**Task instructions**
In the listing that follows, print every line exactly and leave the images out.

**Provided material**
BEGIN

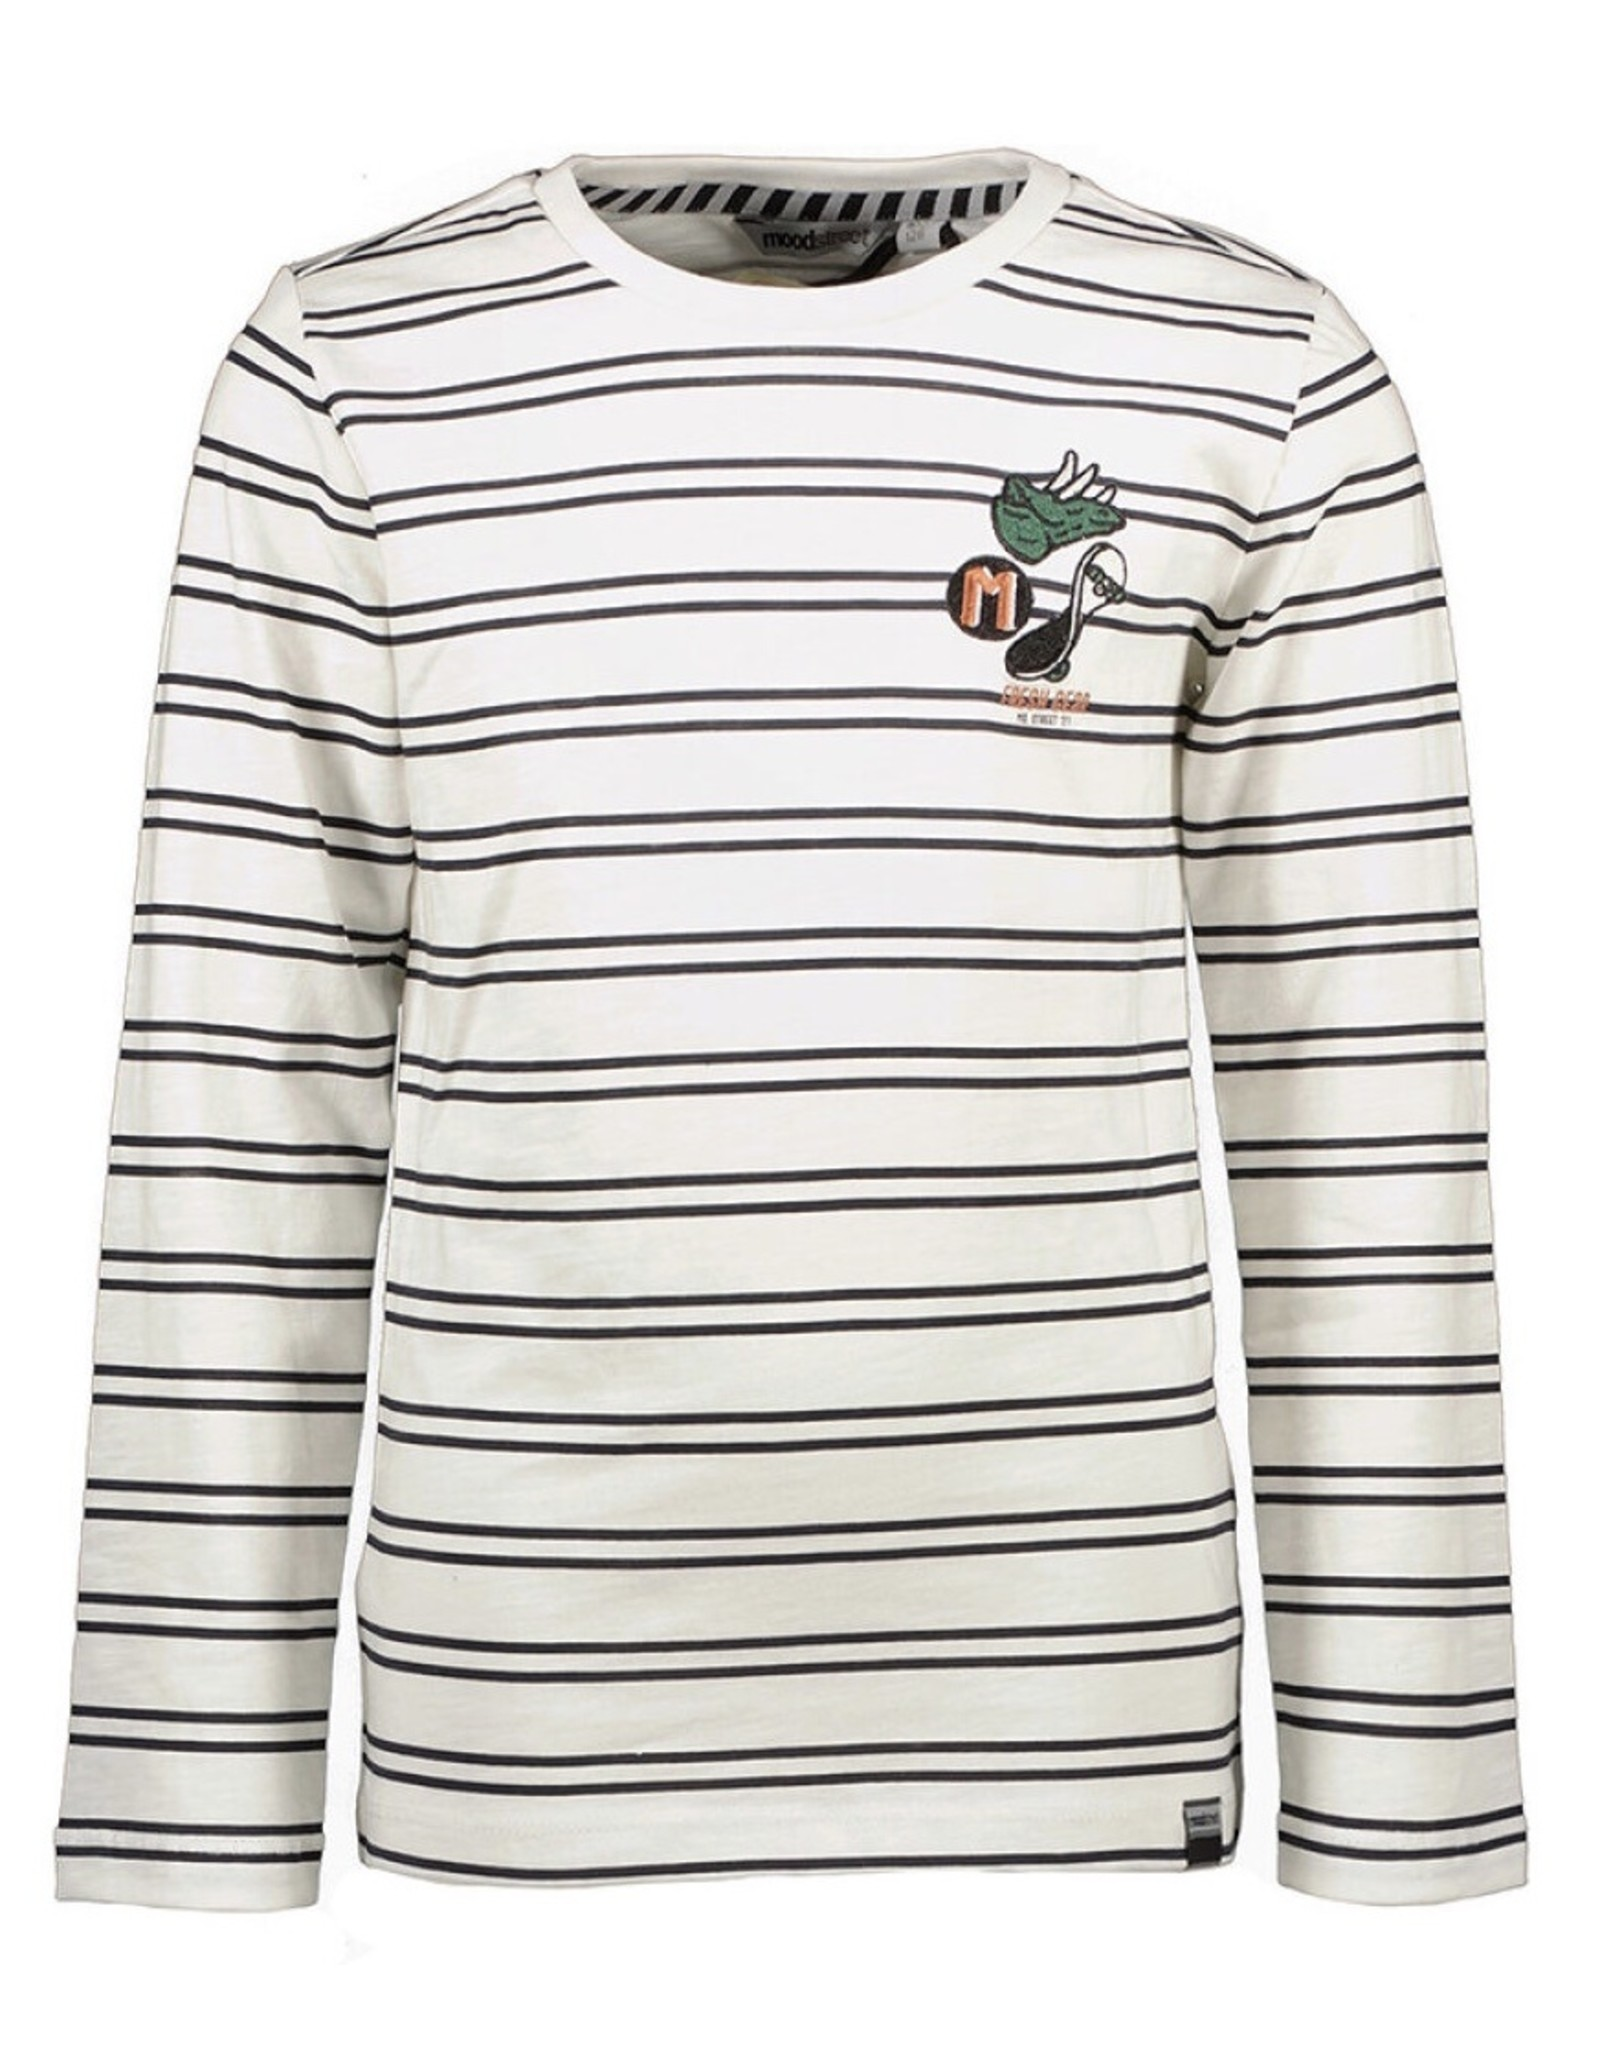 moodstreet M108-6446 T-Shirt
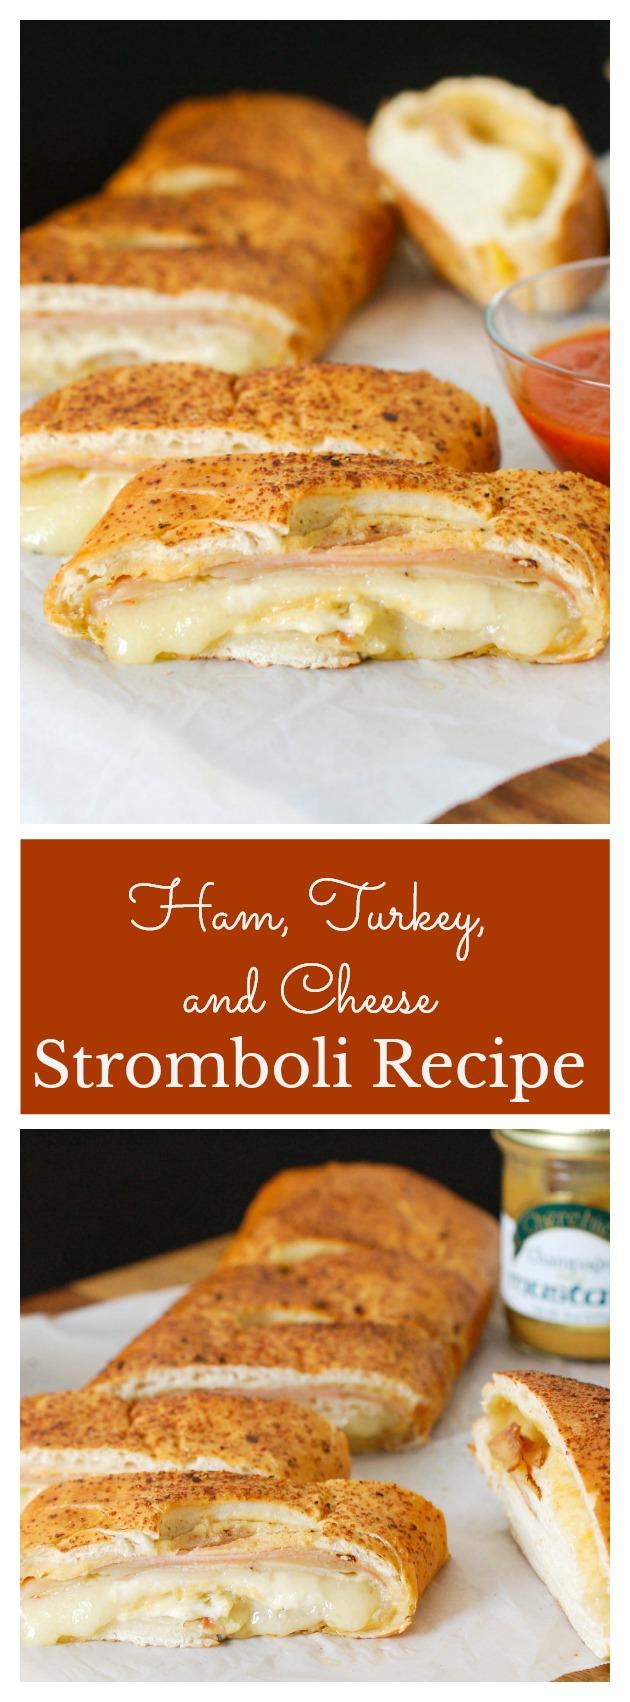 Ham, Turkey and Cheese Stromboli Recipe
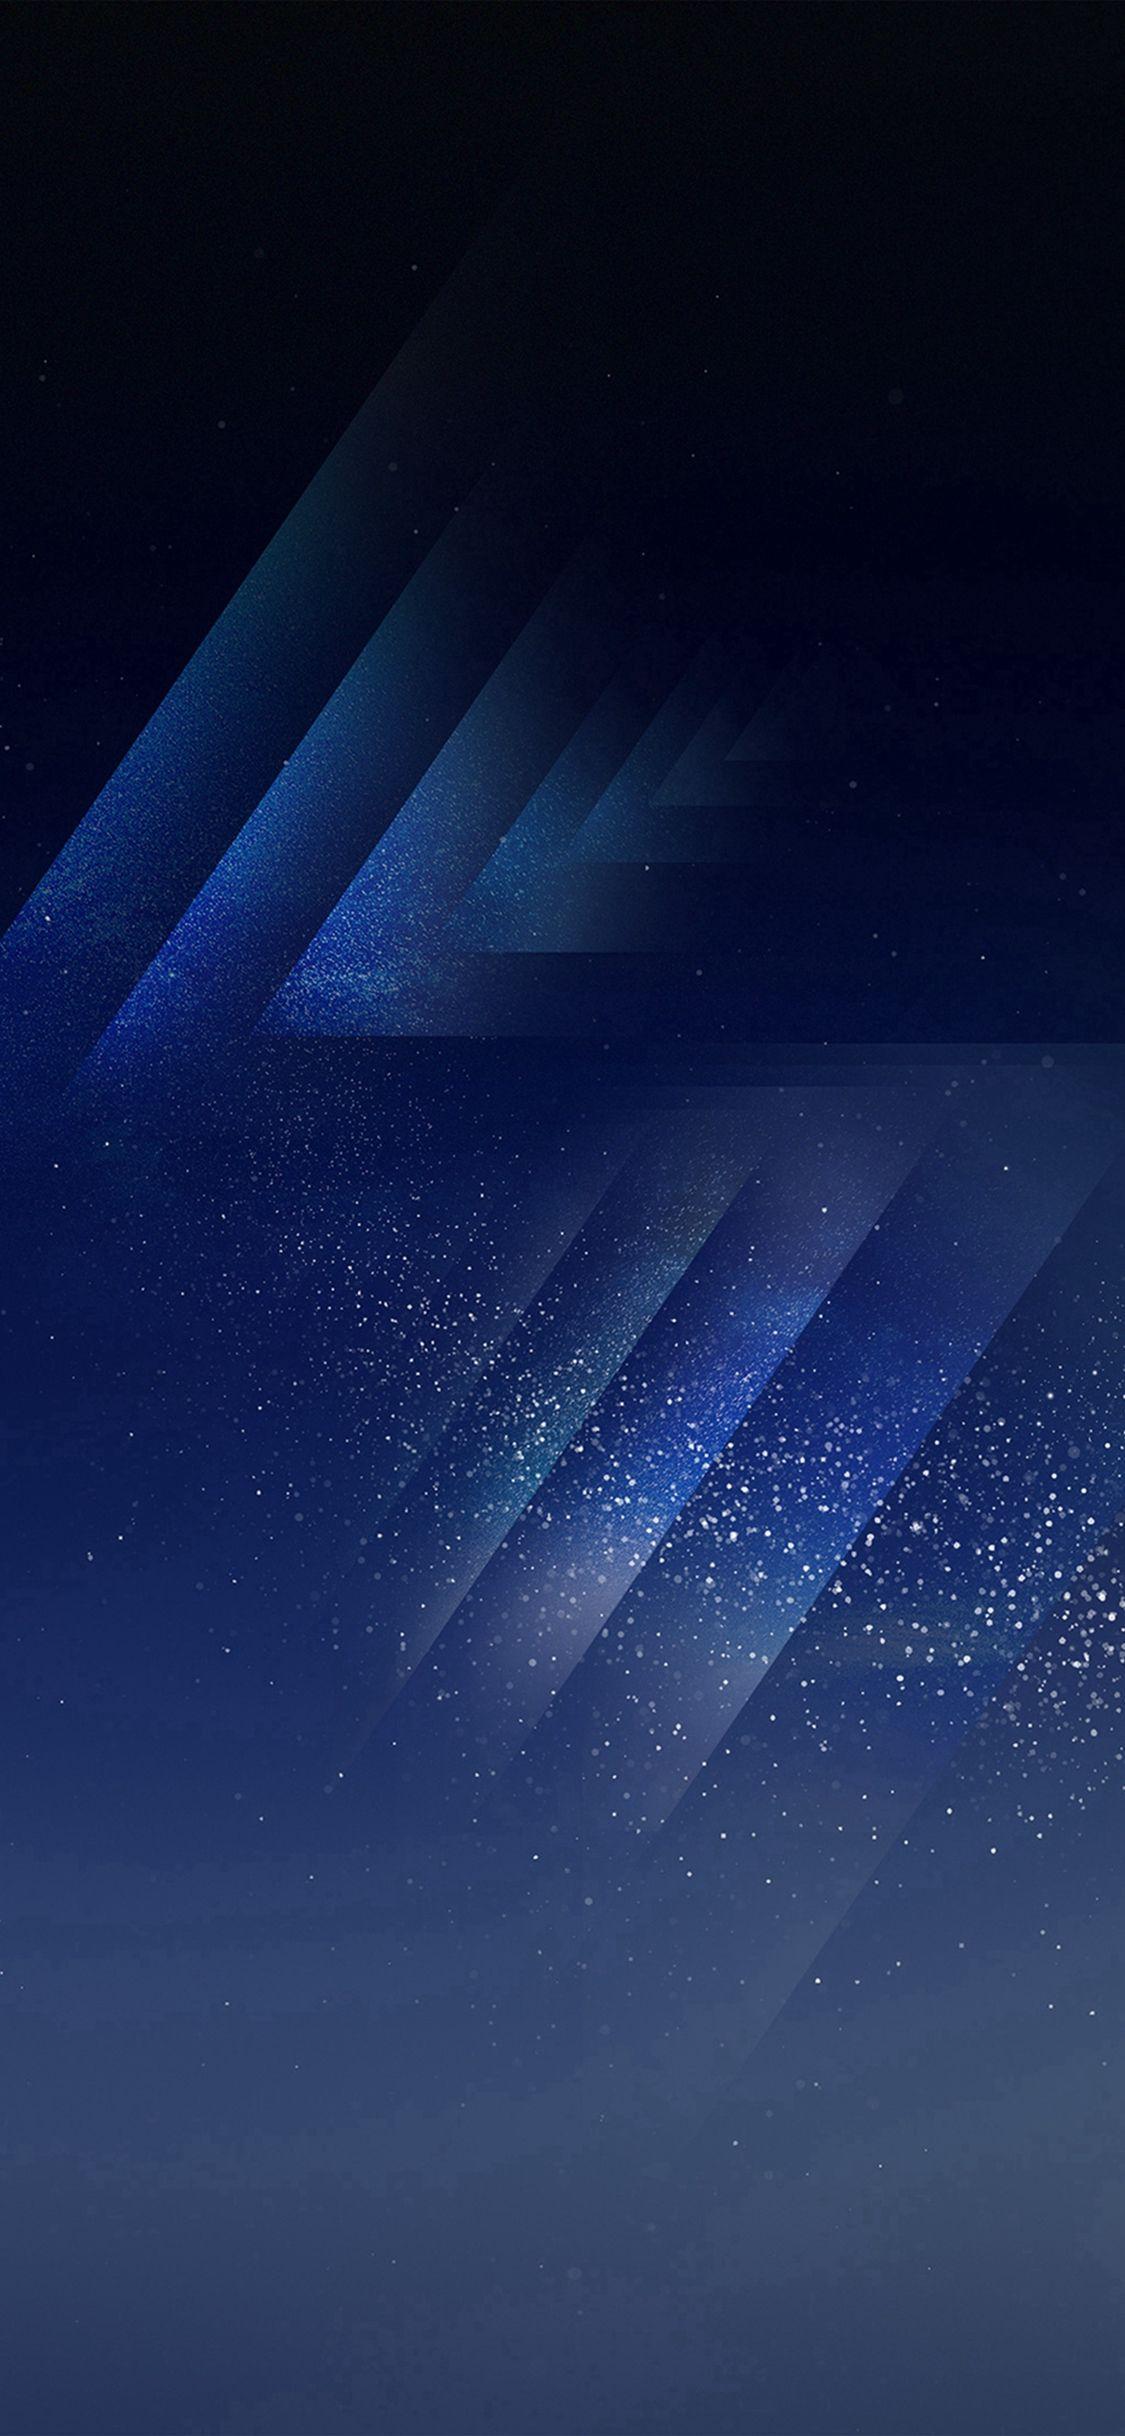 Galaxy S8 Android Dark Star Pattern Background Iphone X Wallpaper Galaxy Wallpaper Wallpaper Background Patterns

END

**Your response**
 moodstreet M108-6446 T-Shirt
 Ham, Turkey and Cheese Stromboli Recipe
 Galaxy S8 Android Dark Star Pattern Background Iphone X Wallpaper Galaxy Wallpaper Wallpaper Background Patterns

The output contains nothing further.